Data extracted from a collection:
....................
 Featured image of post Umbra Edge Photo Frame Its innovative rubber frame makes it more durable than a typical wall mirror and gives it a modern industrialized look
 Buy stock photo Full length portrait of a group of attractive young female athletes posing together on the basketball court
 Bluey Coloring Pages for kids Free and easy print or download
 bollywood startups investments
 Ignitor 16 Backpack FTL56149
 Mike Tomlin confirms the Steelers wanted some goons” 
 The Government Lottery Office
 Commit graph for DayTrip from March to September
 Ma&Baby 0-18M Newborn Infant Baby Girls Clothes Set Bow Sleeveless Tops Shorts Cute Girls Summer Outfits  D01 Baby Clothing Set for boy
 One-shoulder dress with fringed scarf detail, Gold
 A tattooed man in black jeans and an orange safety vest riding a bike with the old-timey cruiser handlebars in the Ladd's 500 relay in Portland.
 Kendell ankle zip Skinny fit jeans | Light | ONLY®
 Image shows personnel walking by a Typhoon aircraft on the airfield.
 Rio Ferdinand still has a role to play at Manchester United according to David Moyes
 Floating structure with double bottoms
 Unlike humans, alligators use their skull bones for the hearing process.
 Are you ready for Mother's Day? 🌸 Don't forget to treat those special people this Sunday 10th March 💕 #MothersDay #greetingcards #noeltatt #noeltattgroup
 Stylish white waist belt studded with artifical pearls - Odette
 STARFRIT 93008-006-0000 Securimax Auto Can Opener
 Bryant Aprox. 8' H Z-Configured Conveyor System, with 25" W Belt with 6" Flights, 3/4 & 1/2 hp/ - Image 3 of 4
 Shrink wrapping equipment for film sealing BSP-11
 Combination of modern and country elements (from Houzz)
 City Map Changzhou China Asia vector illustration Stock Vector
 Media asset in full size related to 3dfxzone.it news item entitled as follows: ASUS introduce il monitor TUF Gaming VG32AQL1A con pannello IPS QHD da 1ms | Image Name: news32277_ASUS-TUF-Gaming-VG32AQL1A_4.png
....................
Work order:
Lines in the data that hold "jeans" must be located and copied.

Problem solution:
 A tattooed man in black jeans and an orange safety vest riding a bike with the old-timey cruiser handlebars in the Ladd's 500 relay in Portland.
 Kendell ankle zip Skinny fit jeans | Light | ONLY®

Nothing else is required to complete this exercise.